### ASSIGNED TASK
Without any images, write the data out exactly as it appears.

### SUPPLIED MATERIAL

====

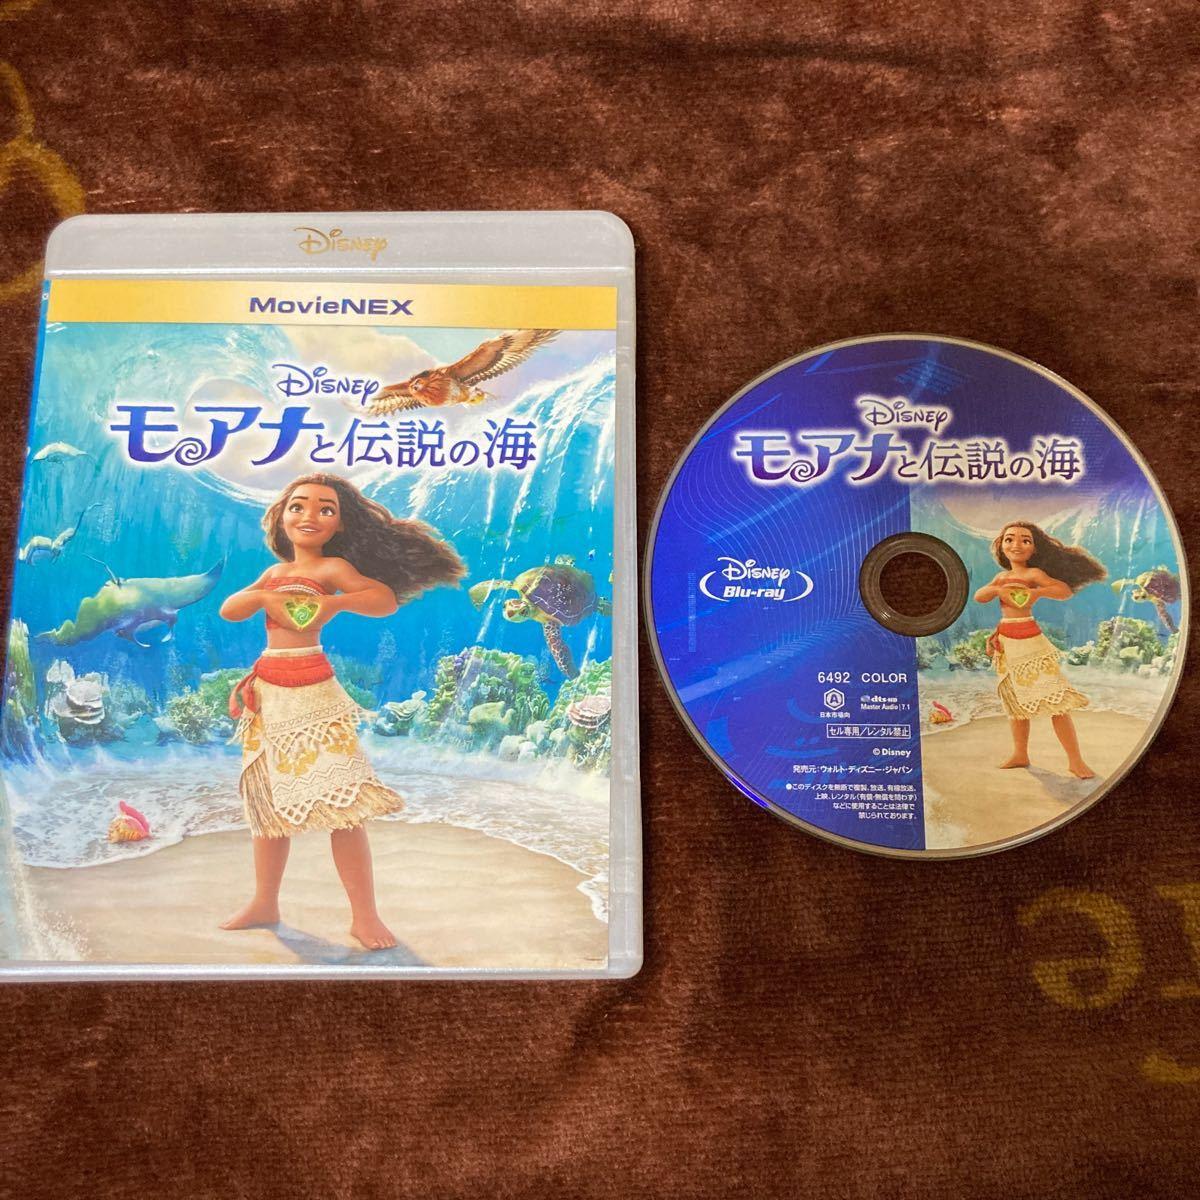 モアナと伝説の海 Blu-ray ディズニー
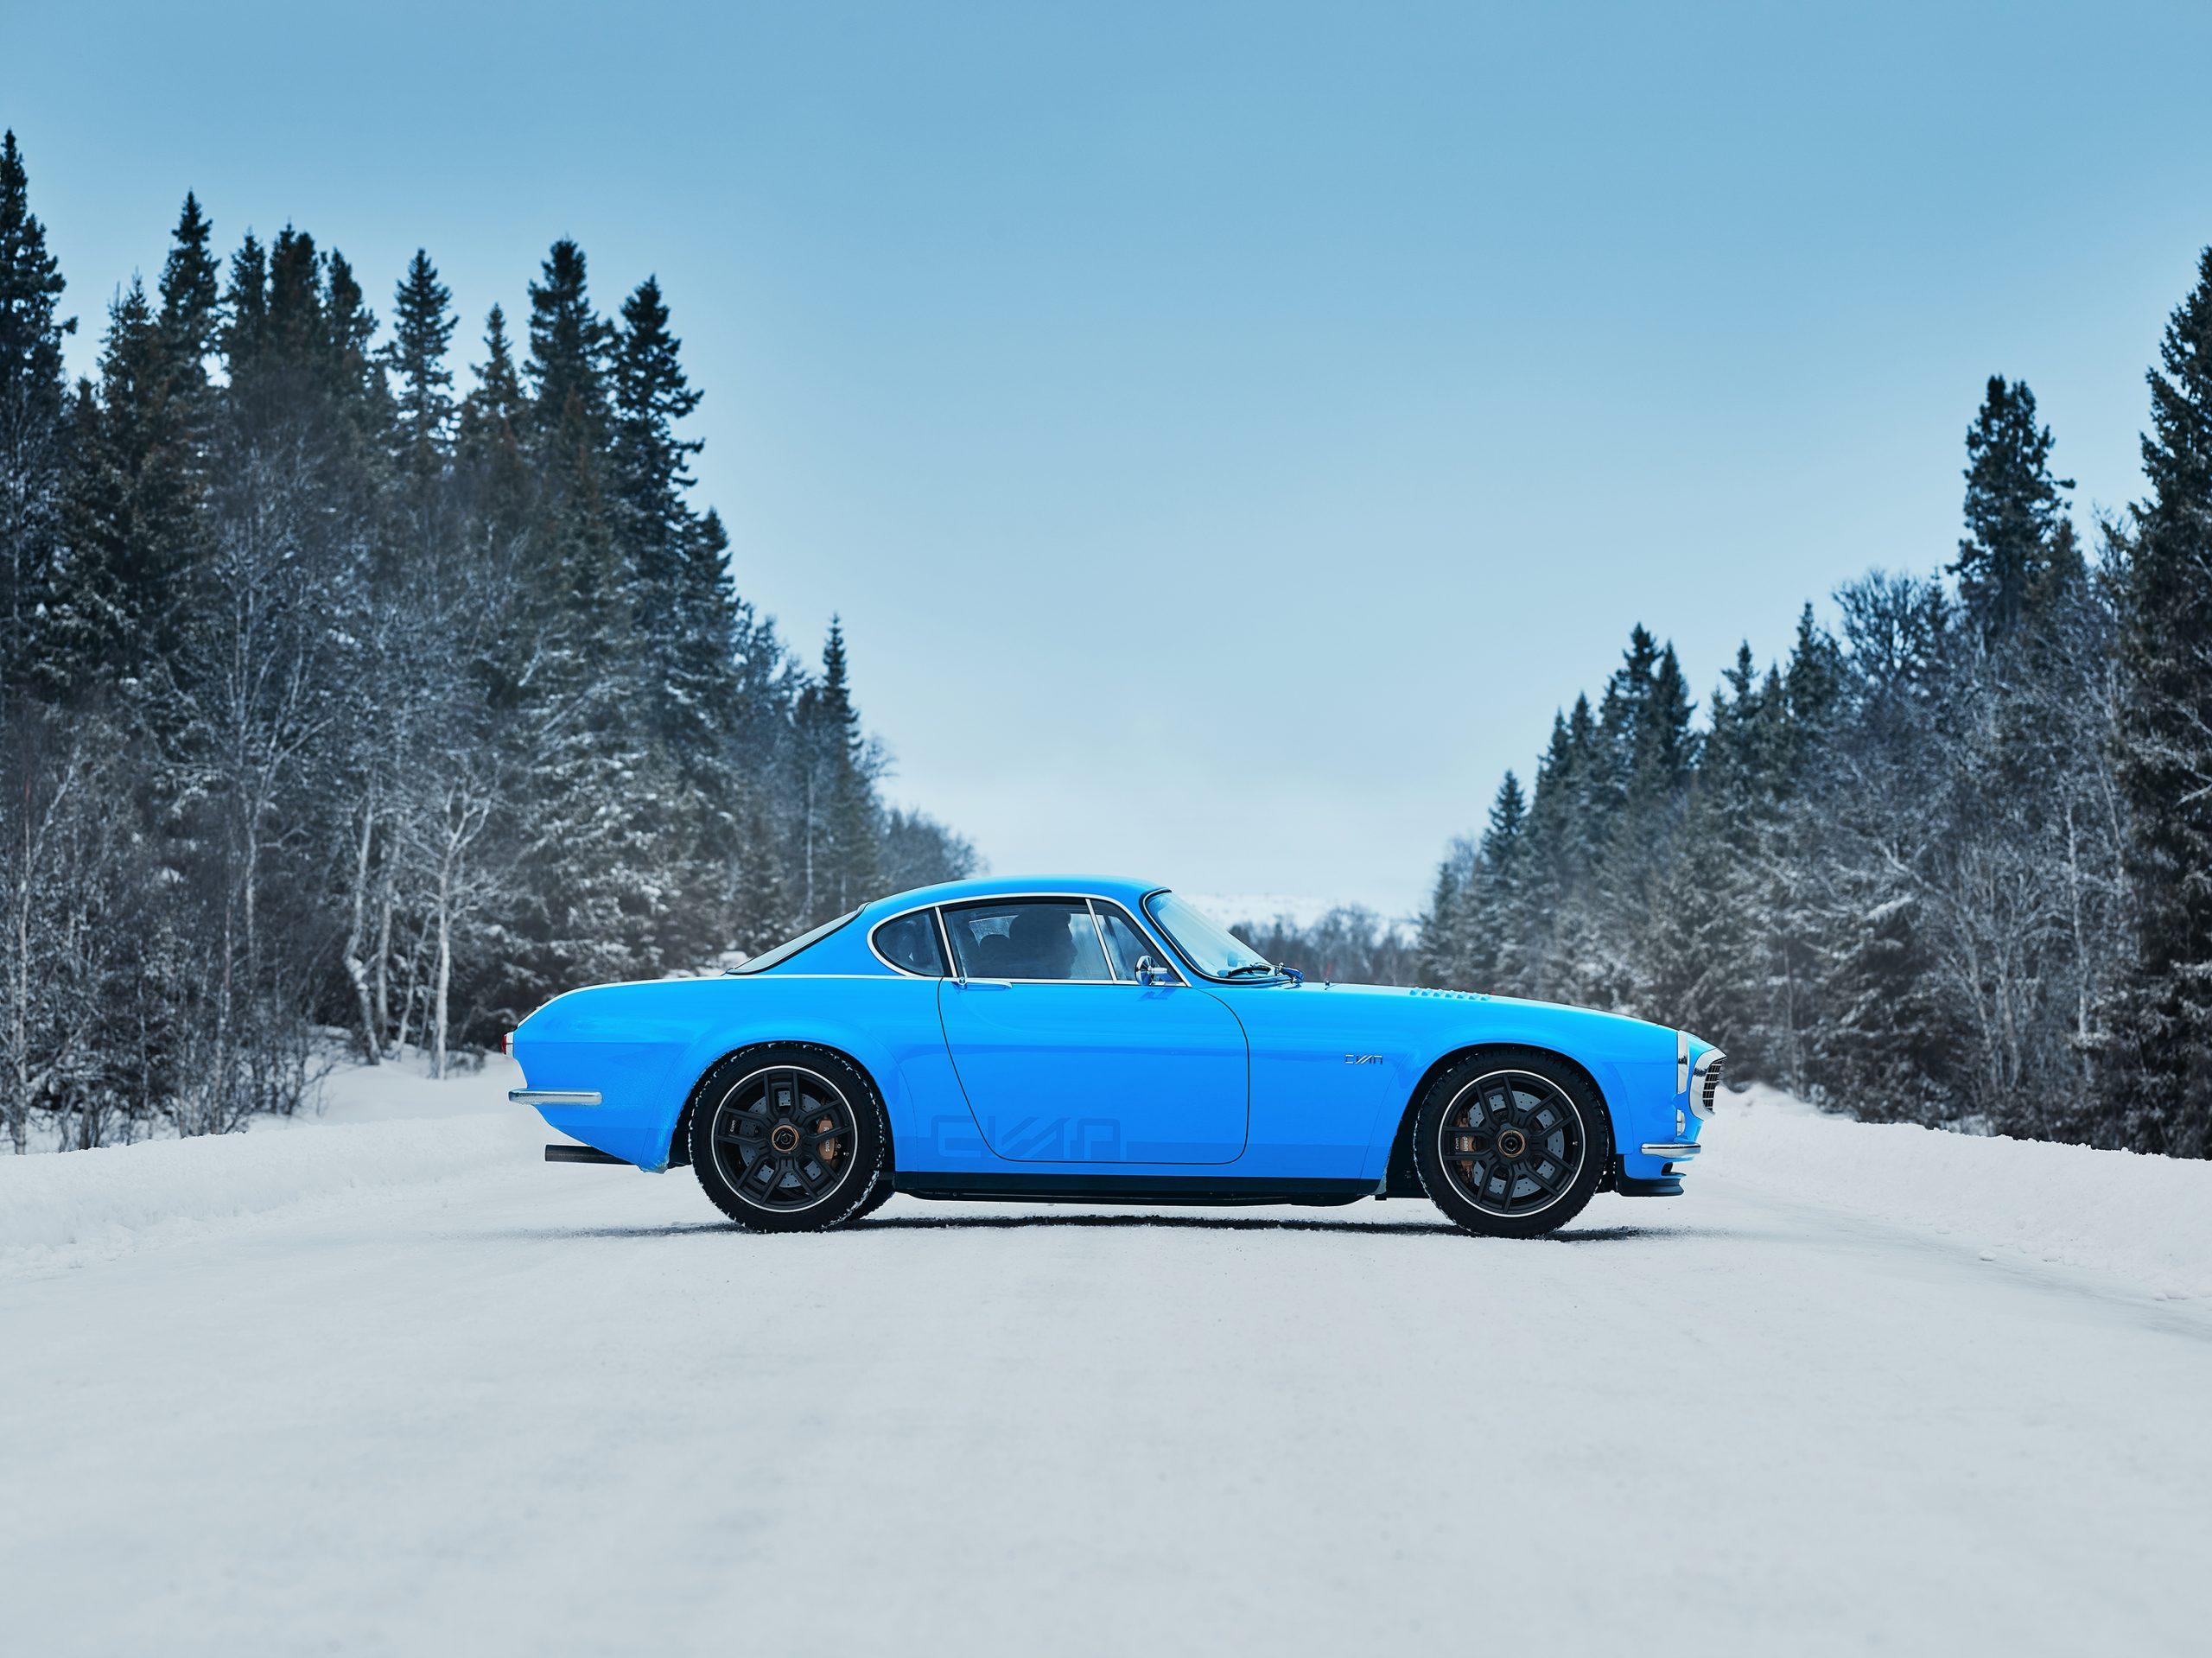 Cyan Racing P1800 in the snow 2
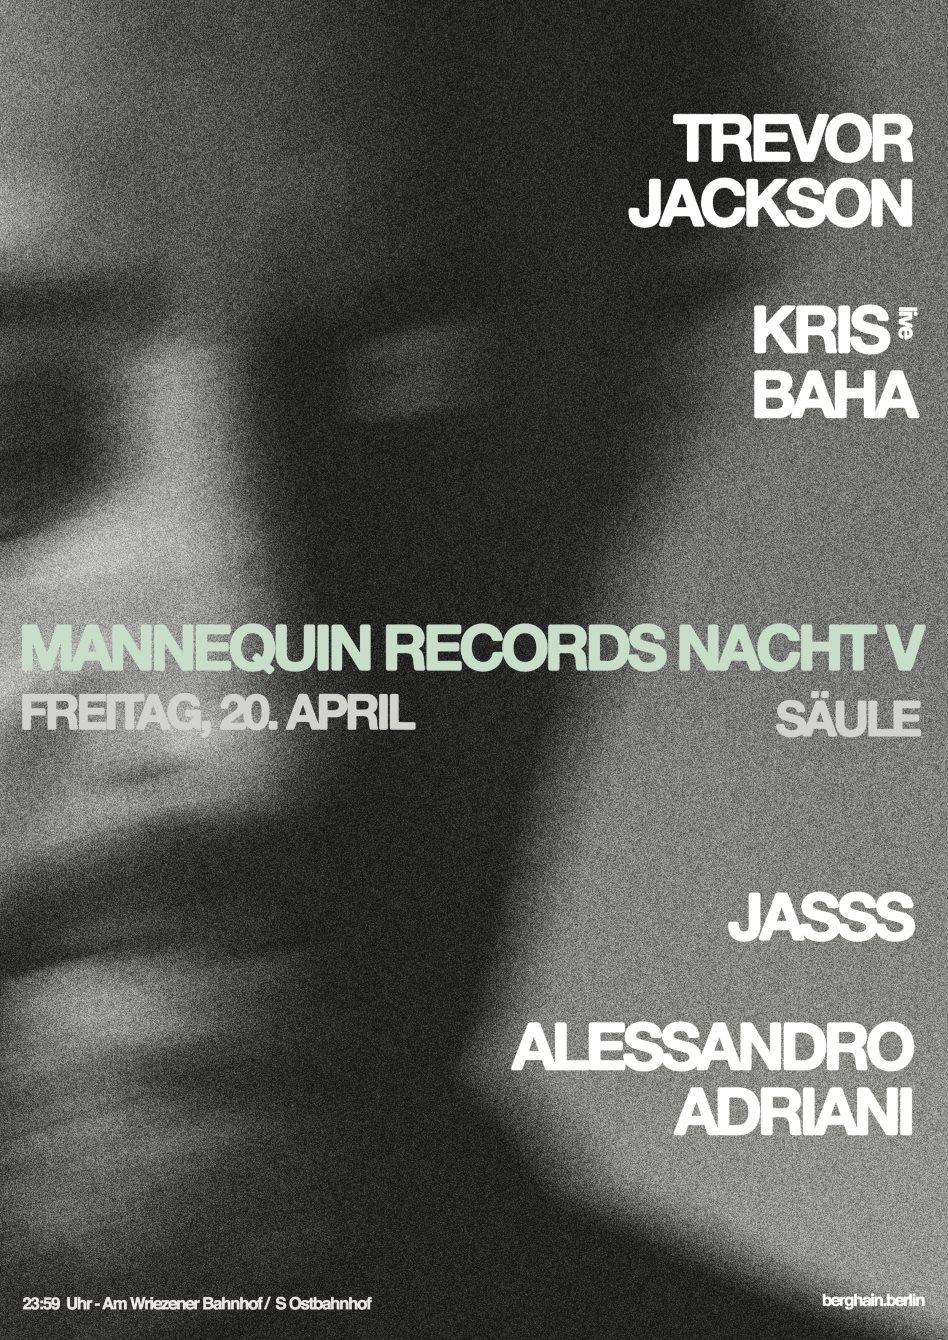 Mannequin Records Nacht V - Flyer back

====

### SOLUTION
 モアナと伝説の海 Blu-ray ディズニー
 Cyan Racing P1800 in the snow 2
 Mannequin Records Nacht V - Flyer back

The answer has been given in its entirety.